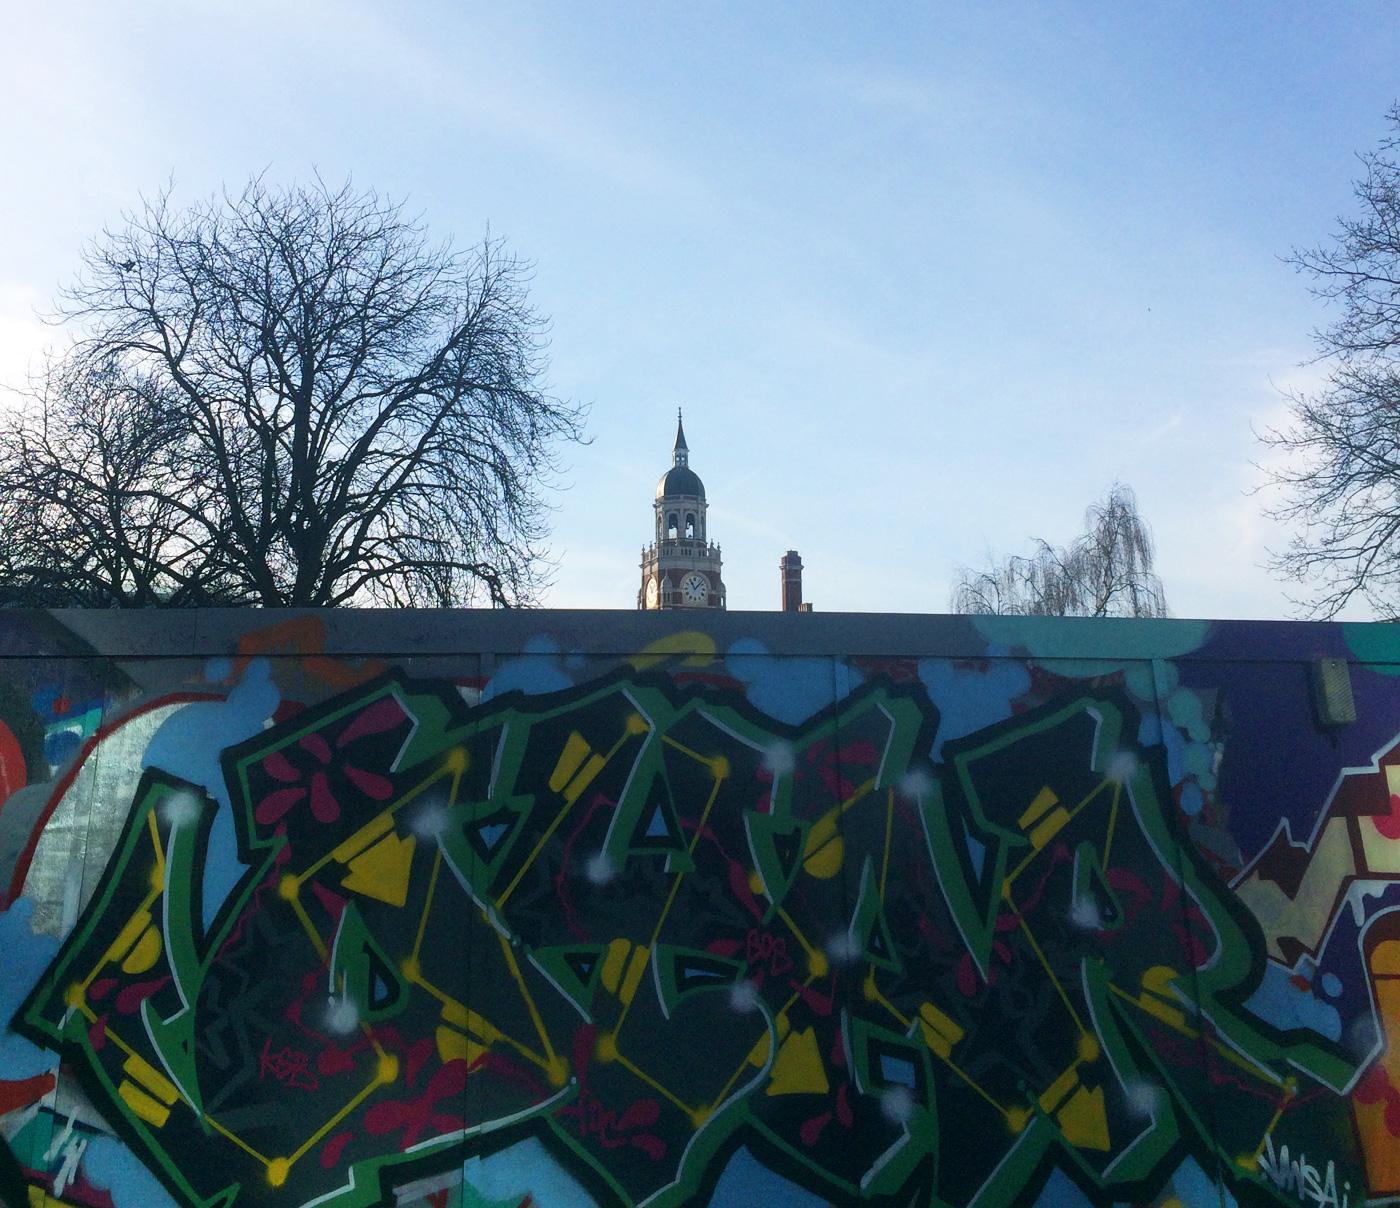 Legal graffiti wall, Queen's Gardens, Croydon
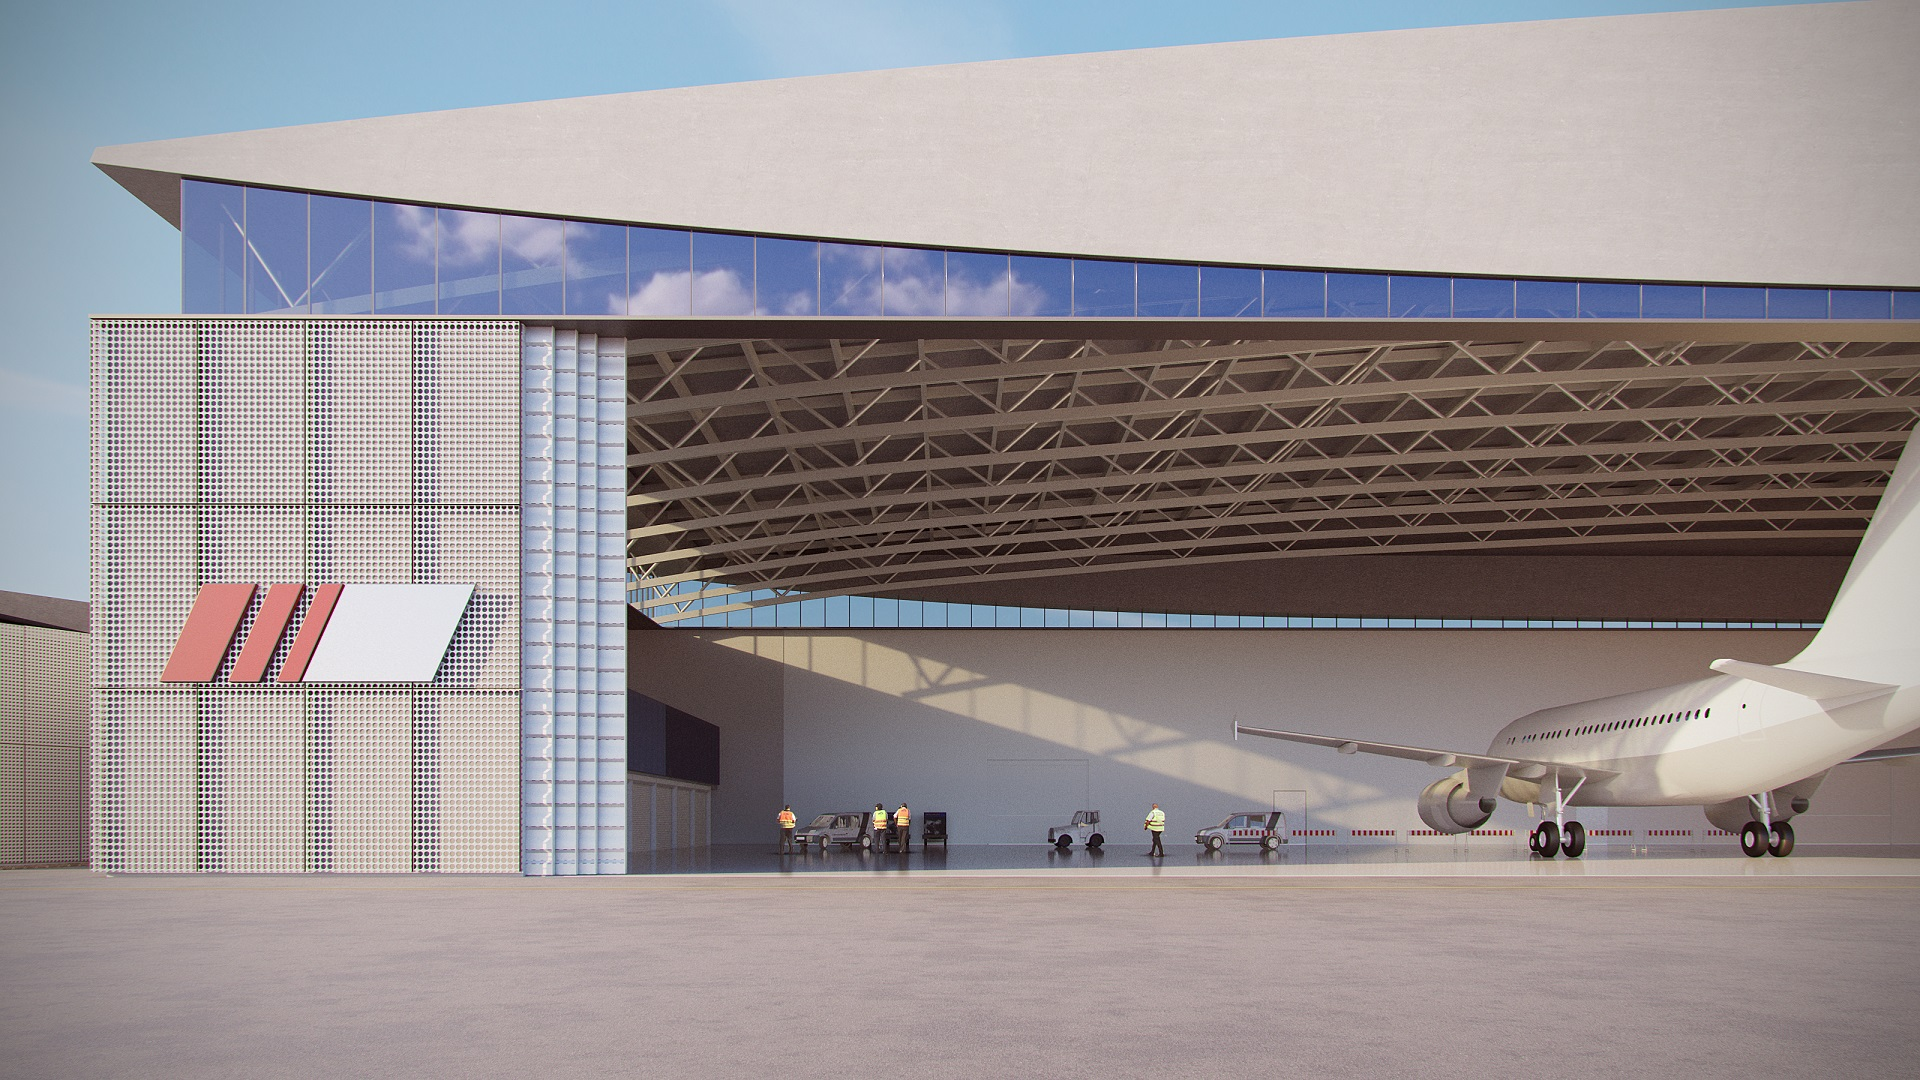 Gama Aviation unveils Sharjah FBO concept
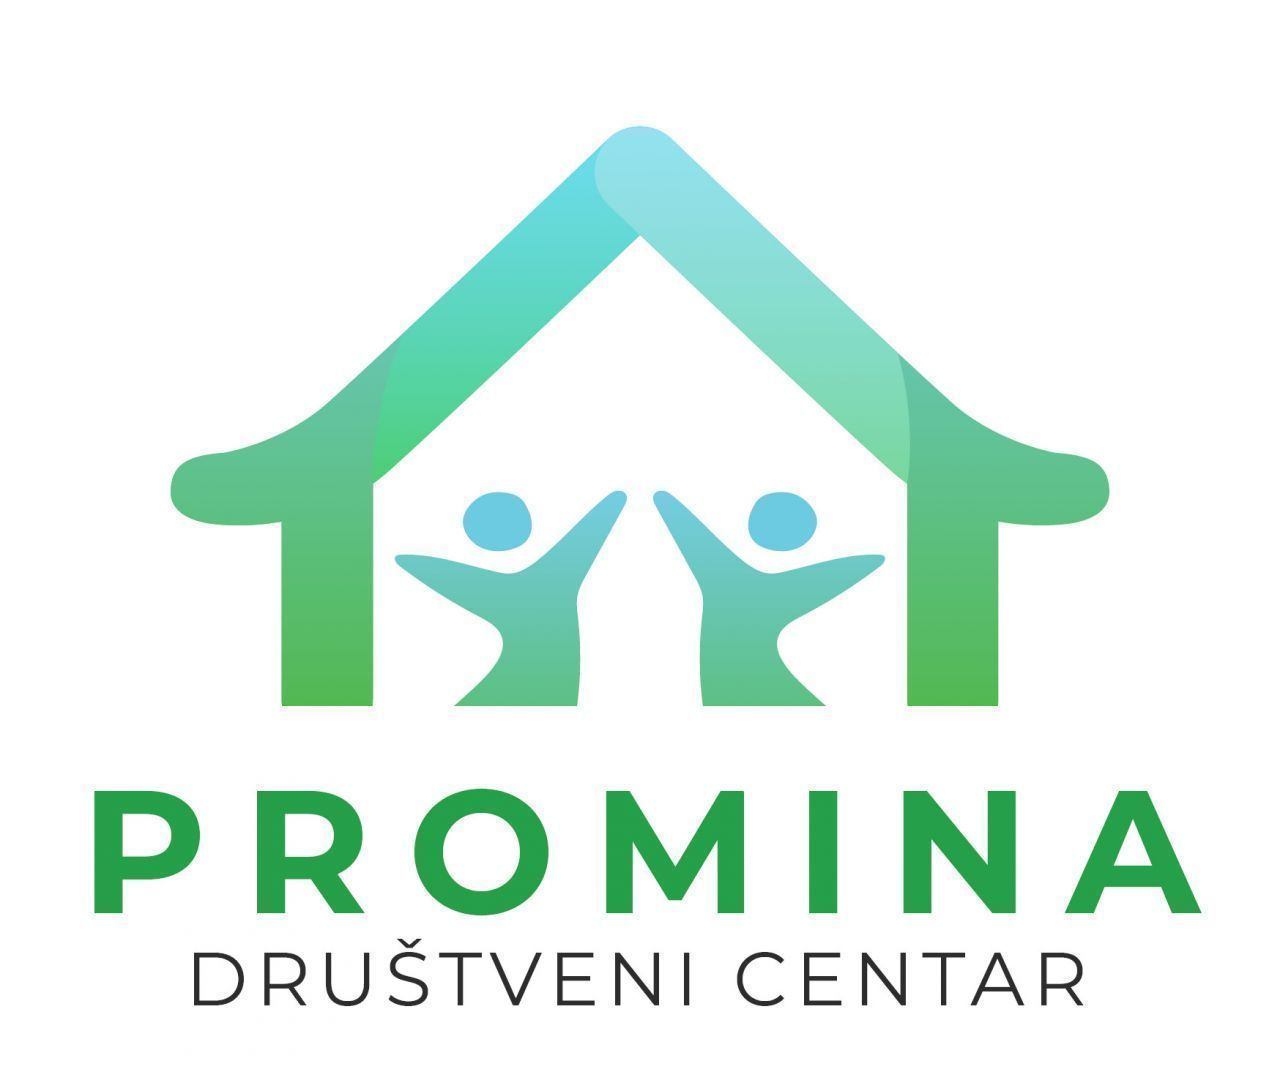 Društveni centar Promina - kalendar događanja za 09/2021.
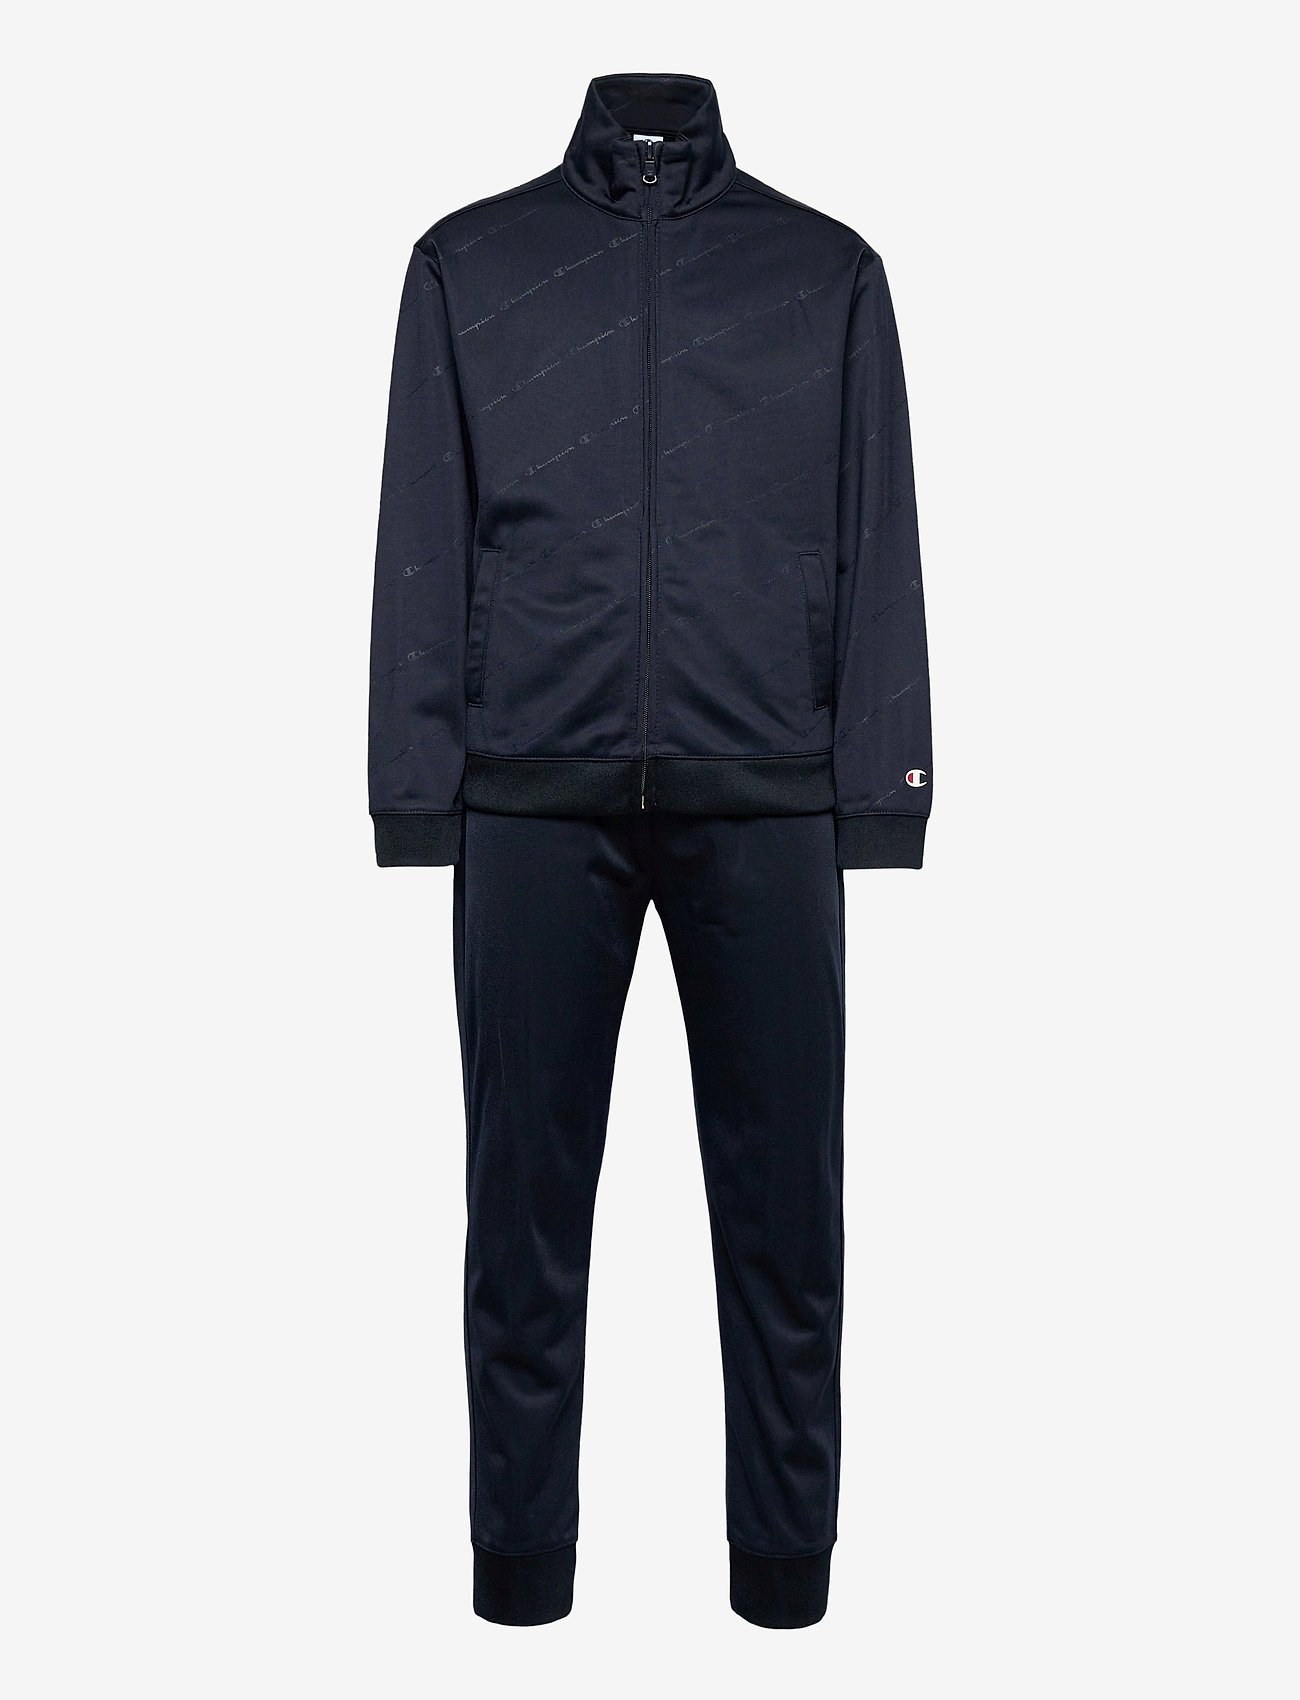 Champion - Full Zip Suit - trainingsanzug - sky captain al (nny) - 0
________________
## Exercise description:
Your answer should contain all the material above, written out exactly, and none of the pictures.

## Expected answer:
 Legal graffiti wall, Queen's Gardens, Croydon
 Gama Aviation unveils Sharjah FBO concept
 Društveni centar Promina - kalendar događanja za 09/2021.
 Champion - Full Zip Suit - trainingsanzug - sky captain al (nny) - 0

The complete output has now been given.